[Work item]
Transcribe each line below verbatim; pictures excluded.

[Data]
Segment Open

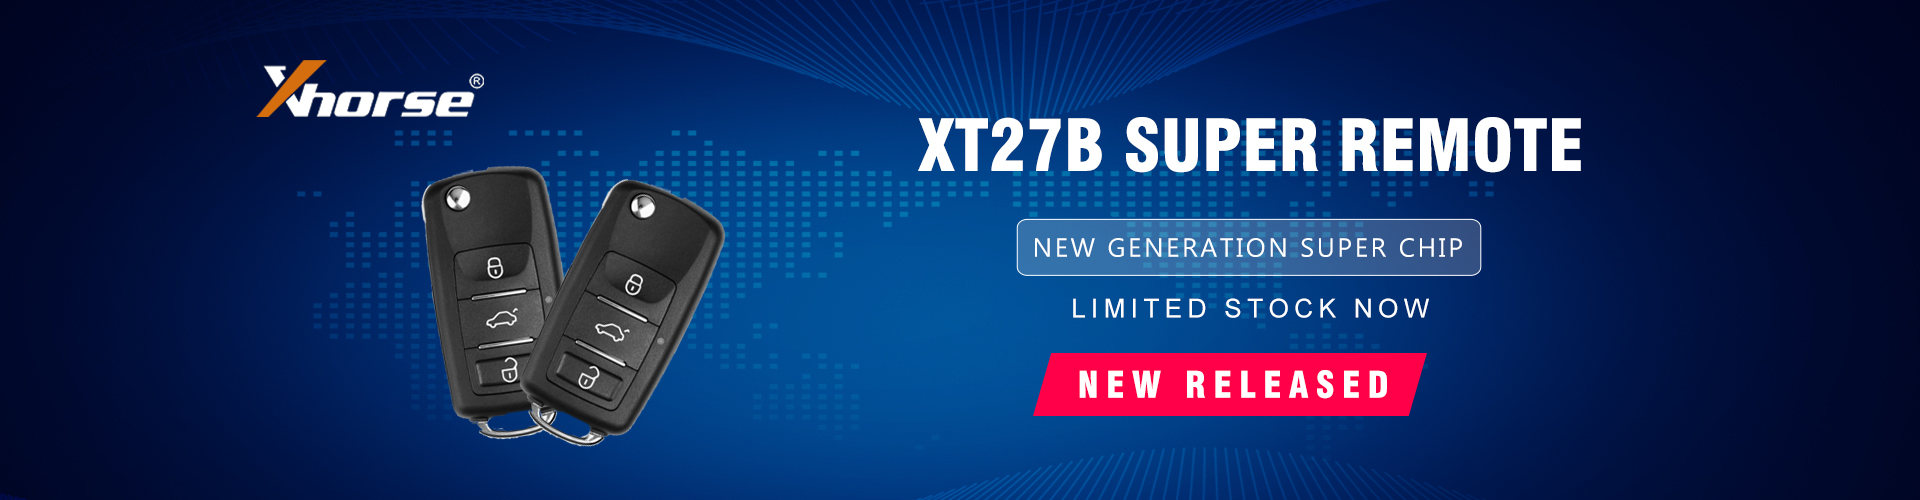 New XT27B super remote
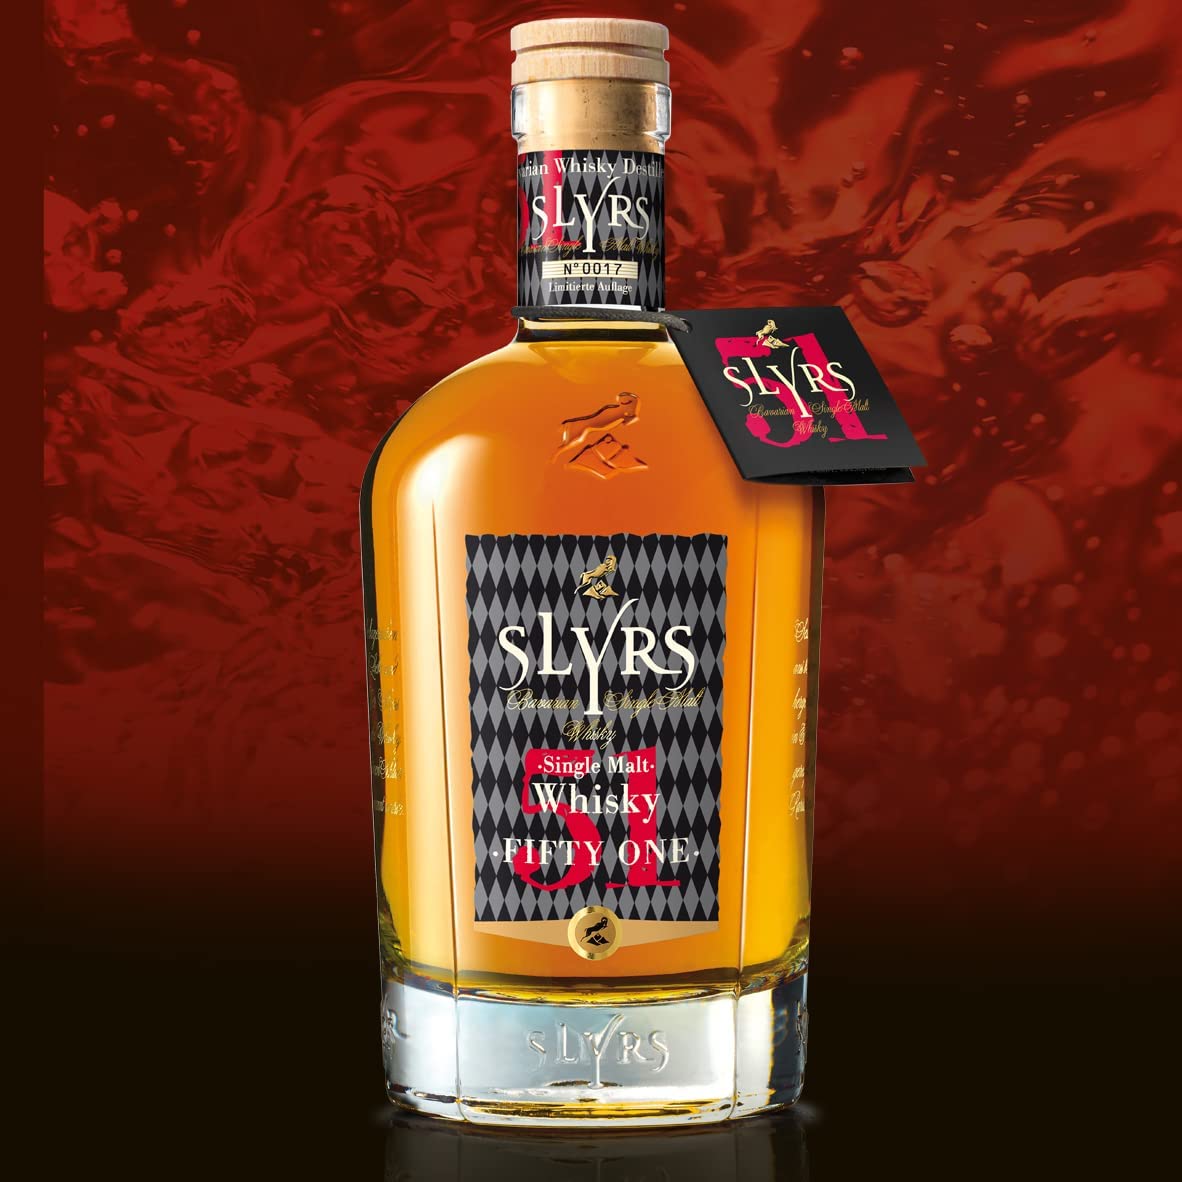 Malt My Bavarian Whisky One Slyrs Single vol. Whisky Life – Fifty 51% –
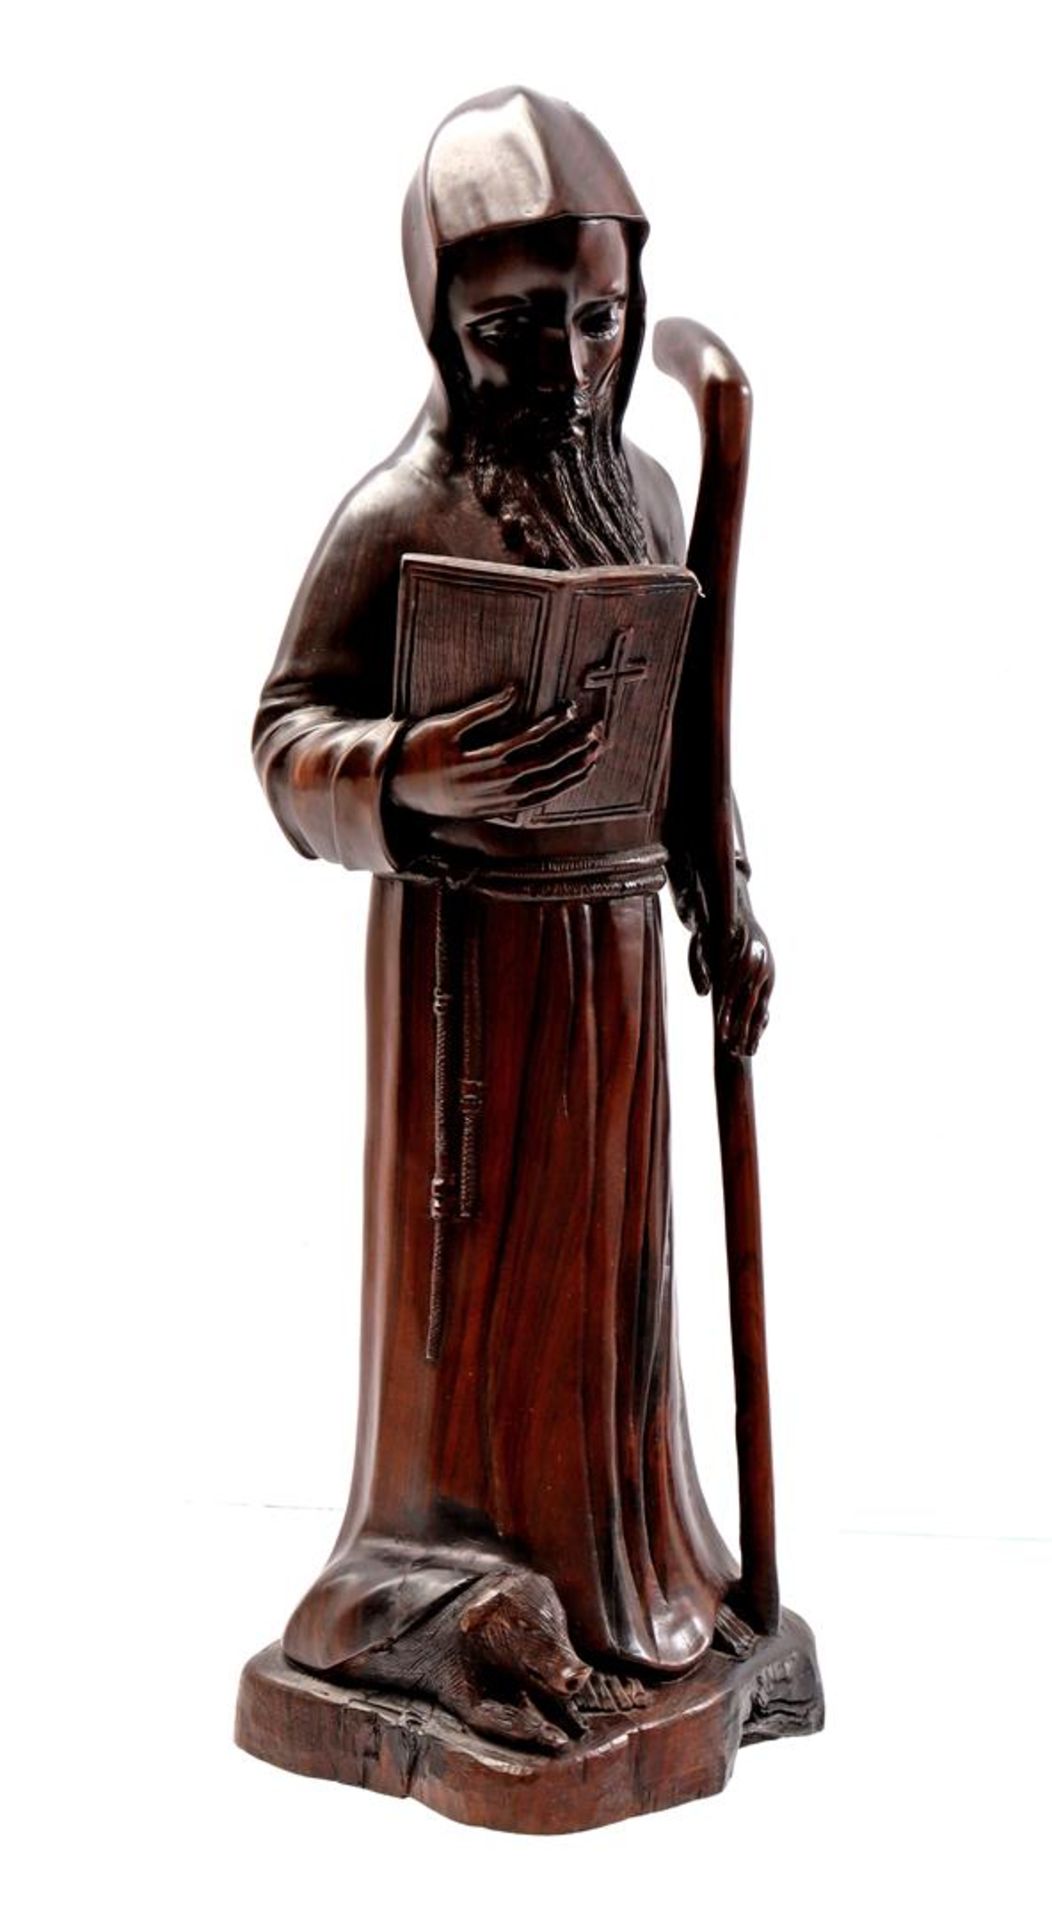 Coromandel wooden statue

Segment Closed

[Problem solution]
 New XT27B super remote
 Malt My Bavarian Whisky One Slyrs Single vol. Whisky Life – Fifty 51% –
 Coromandel wooden statue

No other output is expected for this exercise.